The Productivity Obsession: Can We Create More Space for Humanness? (link)
‘Productivity’ is a word that makes me (and other introverts/HSPs) squirm a little. I like to keep it at arm’s length…
Not because I don’t think it’s good to be productive, don’t get me wrong. I mean, I love working hard and getting stuff done.
But because it has become a bit of a cultural obsession; an obsession which often completely misses the point. Many times we focus on productivity itself. The doing more and becoming more efficient and like machines we are striving to be productive for productive’s sake.
The Distraction of Productivity
This can ironically distract us from what I believe productivity is really about: creating space and time around the edges for life to thrive.
You don’t have to look far online to find people offering all the solutions under the sun to keep you productive and focussed. But most of us don’t need advice on how to become more productive or tools to help us become more efficient.
I’ve been thinking about this word, ‘productivity’ a lot. This is partly inspired by a series of interviews Michael Hyatt conducted recently. He spoke to experts to look at aspects of productivity such as focus, sleep and energy, and getting things done.

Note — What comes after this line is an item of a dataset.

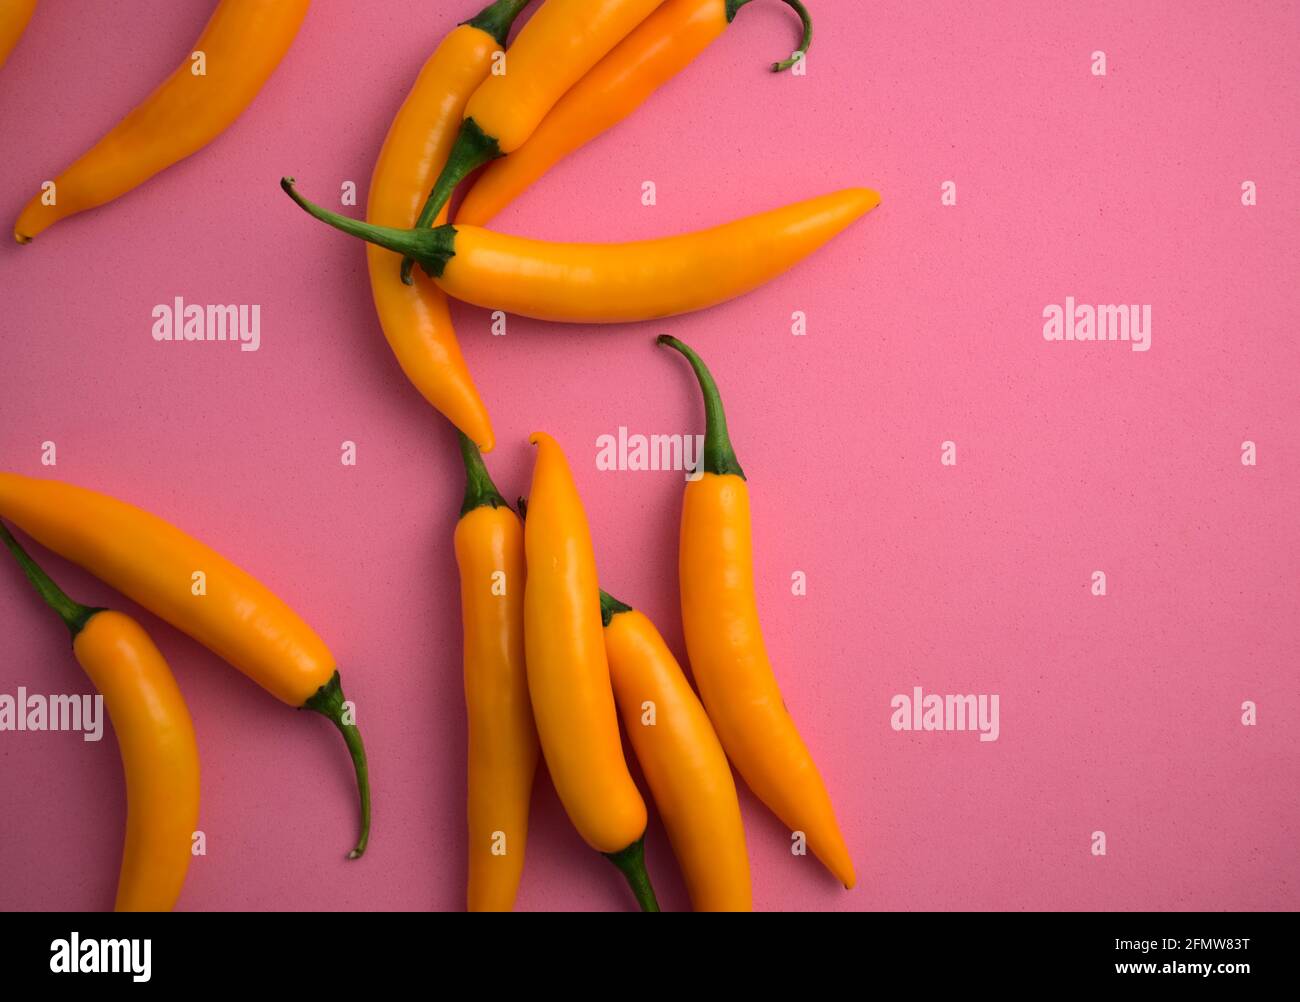 Frische natürliche lebendige gelbe Chilischoten liegen flach auf rosa Hintergrund. Schöne Küche, würzige Zutaten, Food Styling, Heißgeschmack Mahlzeit Konzept. Stockfoto

I have a tendency to go on periodic productivity binges. Seasons when I will read books, watch videos, listen to interviews and obsess on new ways to be more productive in my work, life, and creativity. Unfortunately it’s rare that I read or hear what I really need to be told at moments like this…
“Turn this off and go and do what you know you need to do”.
Because the truth is, most of us instinctively know how to be productive. We don’t need to be told, but there is something quite nice about the procrastinatory reward of learning about productivity theories, tools, and techniques. It feels productive yet requires no hard action.
This question has come up again and again for me: Why productivity? To what ends? For what purpose? Where does it stop?
This has encouraged me to step back because when we pour productivity on short term thinking we fail to see the purpose in it all.
If we don’t have a deeper, positive purpose beyond the demands others place on us then we’re on a slippery slope. Welcome the regret, dissatisfaction and burnout.